BT i EE unikają pełnego zakazu aukcji mobilnych
Duet barów Ofcom z licytacji o większą pojemność „widma użytecznego”, ale mogą spróbować przyszłego zasięgu 5G

BEN STANSALL / AFP / Getty Images
BT i jej specjalistyczna sieć komórkowa EE uniknęły całkowitego zakazu licytacji o nową pojemność widma mobilnego, ku irytacji rywala Three.
Zgodnie z ogłoszonymi wczoraj propozycjami Ofcom, duet nie będzie mógł nabywać żadnych nowych fal radiowych w paśmie 2,3 GHz – „widma użytecznego”, które będzie wykorzystywane do wzmacniania sygnałów 4G, mówi Czasy finansowe .

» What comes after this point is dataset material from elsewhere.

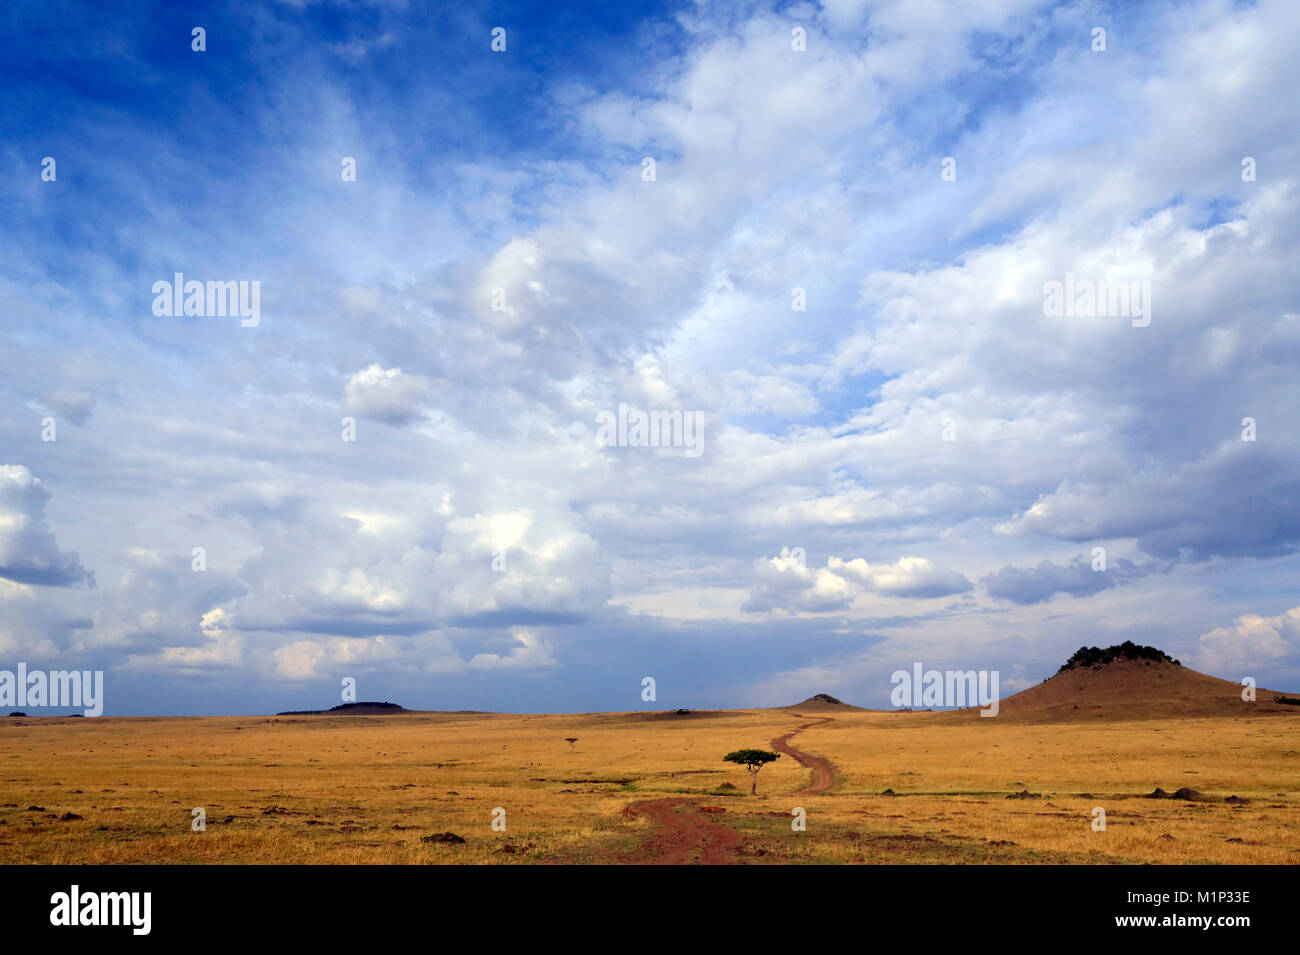 African savanna, golden plains against blue sky with clouds, Masai Mara Game Reserve, Kenya, East Africa, Africa Stock Photo
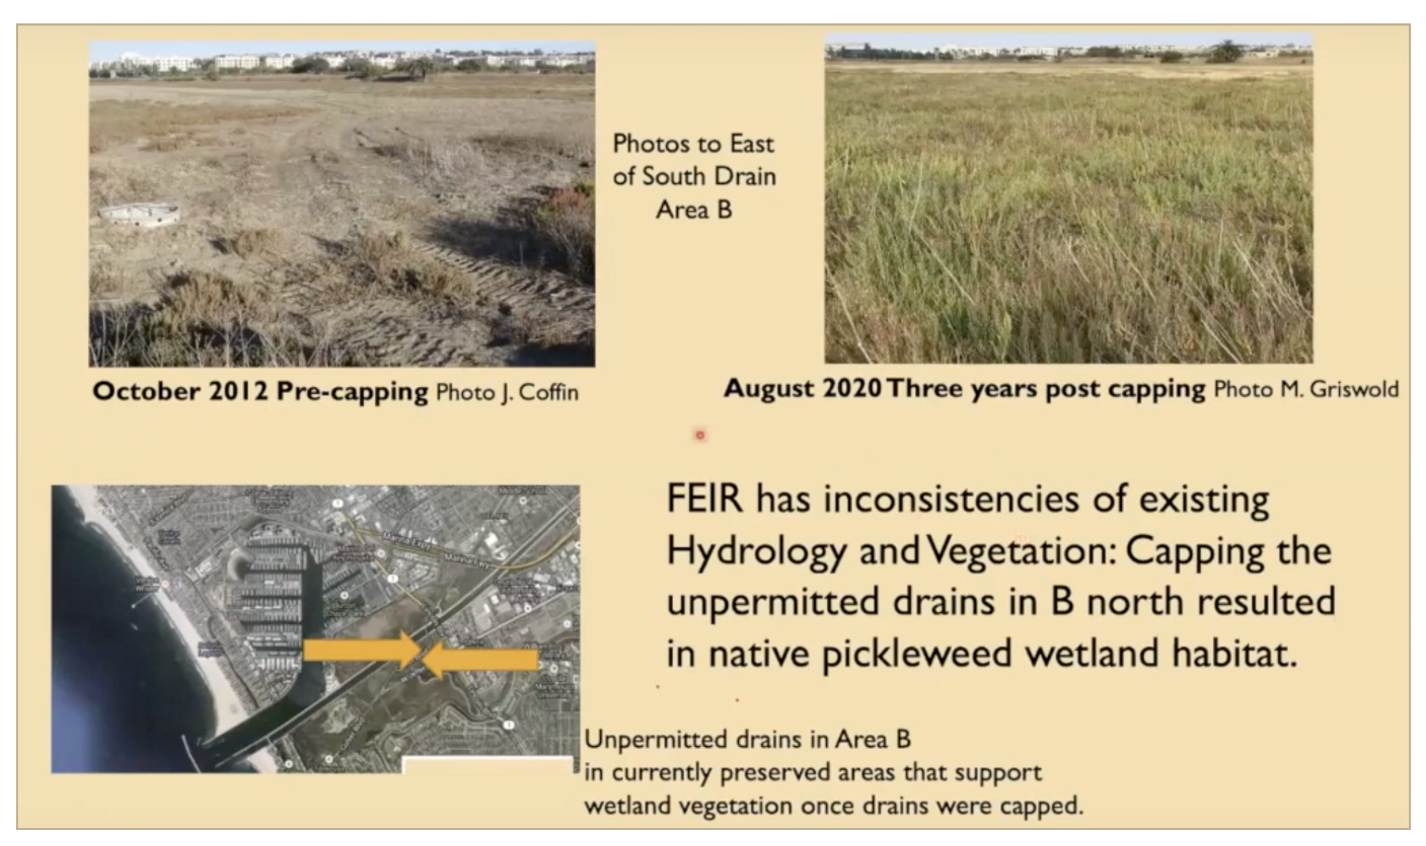 letter.picture2.FEIR_.Inconsistencies.Hydrology.Vegetation.Native.Pickleweed.freshwater.wetland.habitat.from_.capping.unpermitted.drains.2012.image_.compare.2020.image_.png

Będą jednak mogli ubiegać się o wyższą częstotliwość 3,4 GHz, „który będzie wykorzystywany w przyszłych usługach 5G”.
BT i EE wspólnie kontrolują około 45 procent użytecznego widma w Wielkiej Brytanii. Ofcom powiedział, że obawia się, że jeśli rynek stanie się „bardziej niezrównoważony, może to zaszkodzić konkurencji w ciągu najbliższych kilku lat”, mówi Opiekun .
Vodafone ma 28 proc. rynku, O2 15 proc., a Three, którego właścicielem jest Hutchison z Hongkongu, 12 proc.
Three, który domagał się ograniczenia własności widma przez regulatora na poziomie 30 procent i wprowadzenia limitów dla mniejszych dostawców, powiedział, że Ofcom wykazał, że „nie jest skłonny do podejmowania ważnych decyzji niezbędnych do osiągnięcia najlepszych wyników dla Wielkiej Brytanii”.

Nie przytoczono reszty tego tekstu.